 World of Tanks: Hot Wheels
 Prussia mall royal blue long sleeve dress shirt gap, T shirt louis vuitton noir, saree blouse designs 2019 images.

==

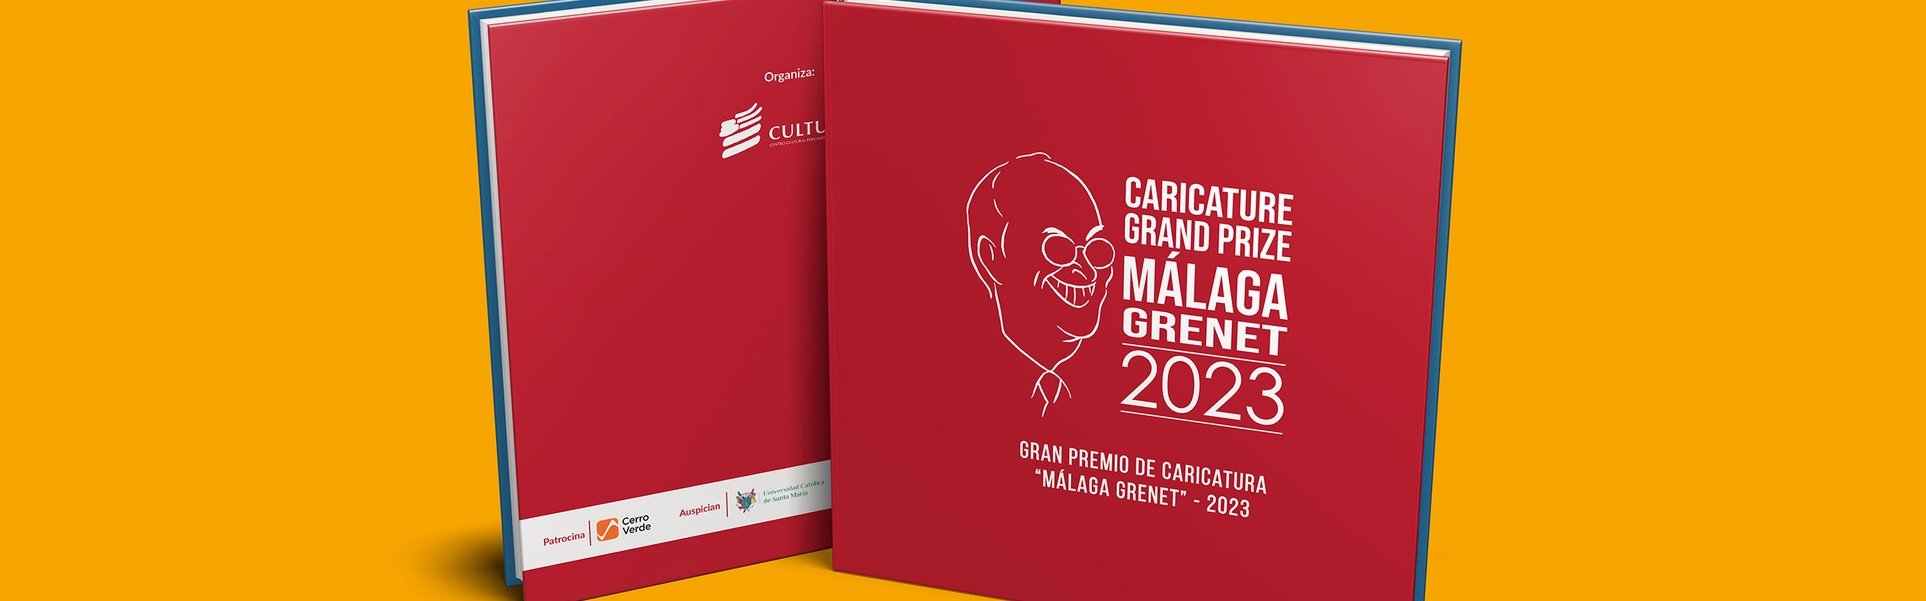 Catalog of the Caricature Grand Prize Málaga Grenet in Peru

- [To do] Please reproduce, exactly as they appear above, the lines from the line containing "World of Tanks: Hot Wheels" up to and including the line containing "Prussia mall royal".

- [Response area]
 World of Tanks: Hot Wheels
 Prussia mall royal blue long sleeve dress shirt gap, T shirt louis vuitton noir, saree blouse designs 2019 images.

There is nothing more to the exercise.